*** Data for analysis

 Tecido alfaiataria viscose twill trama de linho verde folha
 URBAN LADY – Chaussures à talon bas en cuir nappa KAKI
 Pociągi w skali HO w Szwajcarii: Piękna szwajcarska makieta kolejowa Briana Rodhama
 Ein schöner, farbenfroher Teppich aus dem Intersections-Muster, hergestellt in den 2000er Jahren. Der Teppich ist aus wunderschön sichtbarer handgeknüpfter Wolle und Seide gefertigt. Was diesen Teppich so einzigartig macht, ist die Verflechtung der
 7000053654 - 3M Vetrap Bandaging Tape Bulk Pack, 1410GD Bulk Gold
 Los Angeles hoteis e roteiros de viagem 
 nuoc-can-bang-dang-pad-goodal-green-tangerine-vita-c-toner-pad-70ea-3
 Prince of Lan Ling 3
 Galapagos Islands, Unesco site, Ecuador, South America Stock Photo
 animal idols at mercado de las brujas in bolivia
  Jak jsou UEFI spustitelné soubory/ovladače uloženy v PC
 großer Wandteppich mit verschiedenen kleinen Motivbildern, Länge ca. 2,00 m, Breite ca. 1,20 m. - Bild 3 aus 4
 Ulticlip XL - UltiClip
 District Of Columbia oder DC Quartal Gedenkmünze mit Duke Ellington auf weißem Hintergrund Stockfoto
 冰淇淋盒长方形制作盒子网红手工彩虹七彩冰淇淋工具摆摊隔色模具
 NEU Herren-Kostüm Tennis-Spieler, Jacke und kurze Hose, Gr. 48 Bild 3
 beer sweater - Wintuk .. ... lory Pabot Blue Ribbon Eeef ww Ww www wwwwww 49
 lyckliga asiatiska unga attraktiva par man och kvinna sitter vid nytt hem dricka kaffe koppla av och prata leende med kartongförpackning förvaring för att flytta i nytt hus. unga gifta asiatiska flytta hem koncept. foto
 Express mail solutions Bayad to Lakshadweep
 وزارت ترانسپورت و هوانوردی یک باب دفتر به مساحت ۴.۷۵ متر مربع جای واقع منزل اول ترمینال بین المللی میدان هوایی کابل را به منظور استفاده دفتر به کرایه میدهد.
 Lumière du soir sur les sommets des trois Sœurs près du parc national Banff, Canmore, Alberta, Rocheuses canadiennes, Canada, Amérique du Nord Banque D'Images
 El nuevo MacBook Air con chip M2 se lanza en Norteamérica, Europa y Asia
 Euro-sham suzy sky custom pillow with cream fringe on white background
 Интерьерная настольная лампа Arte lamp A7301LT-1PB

******

Assignment: Beginning at the line above with "Express mail solutions Bayad to Lakshadweep" and finishing at the line with "Euro-sham suzy sky", return each line exactly and return nothing else.

Exercise result:
 Express mail solutions Bayad to Lakshadweep
 وزارت ترانسپورت و هوانوردی یک باب دفتر به مساحت ۴.۷۵ متر مربع جای واقع منزل اول ترمینال بین المللی میدان هوایی کابل را به منظور استفاده دفتر به کرایه میدهد.
 Lumière du soir sur les sommets des trois Sœurs près du parc national Banff, Canmore, Alberta, Rocheuses canadiennes, Canada, Amérique du Nord Banque D'Images
 El nuevo MacBook Air con chip M2 se lanza en Norteamérica, Europa y Asia
 Euro-sham suzy sky custom pillow with cream fringe on white background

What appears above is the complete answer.